In this problem If $u \in H^1(U)$, then $Du=0$ a.e. on the set $\{u=0\}$
I don't understand this part:
$$ \int_U \partial_i u^\epsilon\,v\,dx\to 0\tag w$$ for all $v\in L^2(U)$, but now we only need to prove that $$ \int_U \partial_i u^\epsilon\,v\,dx\to 0\tag 1$$ for all $v\in C_c^\infty(U)$
Why instead of all $v \in L^2(U)$, we only need to prove for all $v \in C_c^{\infty}(U)$ in $$ \int_U \partial_i u^\epsilon\,v\,dx\to 0\tag 1?$$
Can anyone help me with this? Thanks!
It is not only because that $C_c^\infty$ is dense in $L^2$, but also you have to relay on something from functional analysis. In my post here, which you already noticed, I call for help from the following lemma from Functional Analysis:
Let $X$ be a Banach space, $S$ be a total subset of $X^*$, i.e., the span of $S$ is dense in $X^*$, $(x_n)$ be a sequence in $X$ and $x\in X$ is given. Then $x_n\to x$ weakly as $n\to\infty$ if and only if $({x_n})$ is bounded and $$ \left<{y^*,x_n}\right>\to\left<{y^*,x}\right>\text{ for all }y^*\in S. $$ Here the boundness of $(x_n)$ is very important.

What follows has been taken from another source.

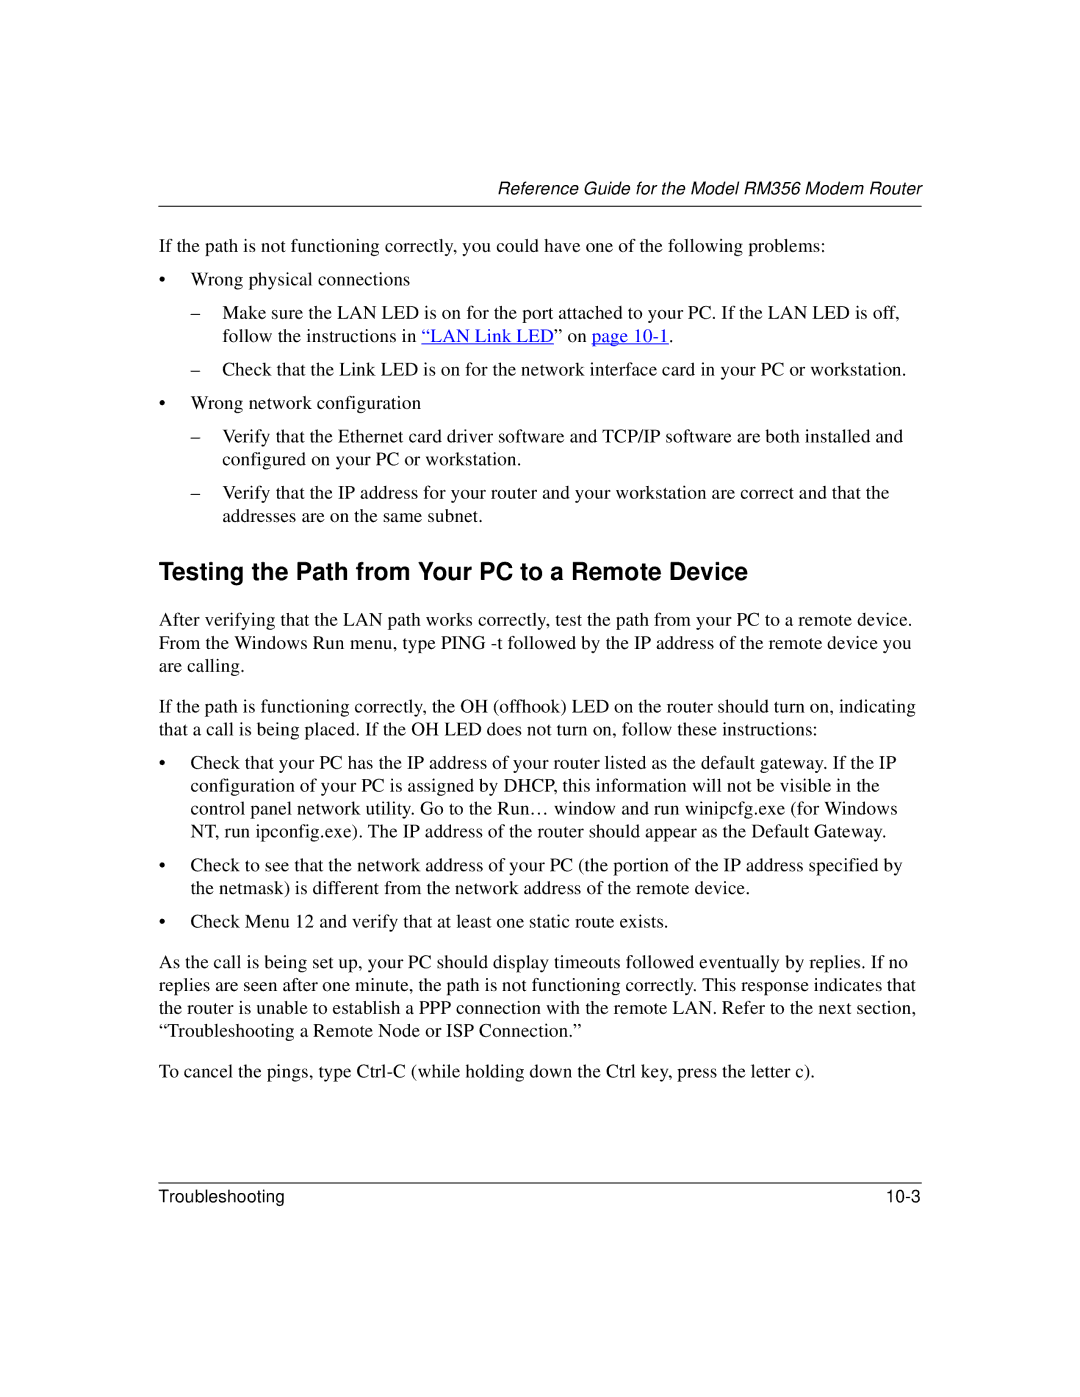 Bay Technical Associates RM356 manual Testing the Path from Your PC to a Remote Device

Notice that from the question itself you already proved that $u_\epsilon$ is bounded in $H^1$ norm, hence, $\nabla u_\epsilon$ is bounded in $L^2$ norm. Therefore, from lemma I mentioned above, we have, instead using $L^2$ as the test function for weak $L^2$ convergence, we could only use the dense set of it, i.e., the $C_c^\infty$ function, and hence addressed your problem.
Notice that we use this fact many times in Sobolev space theory, especially when using the density argument.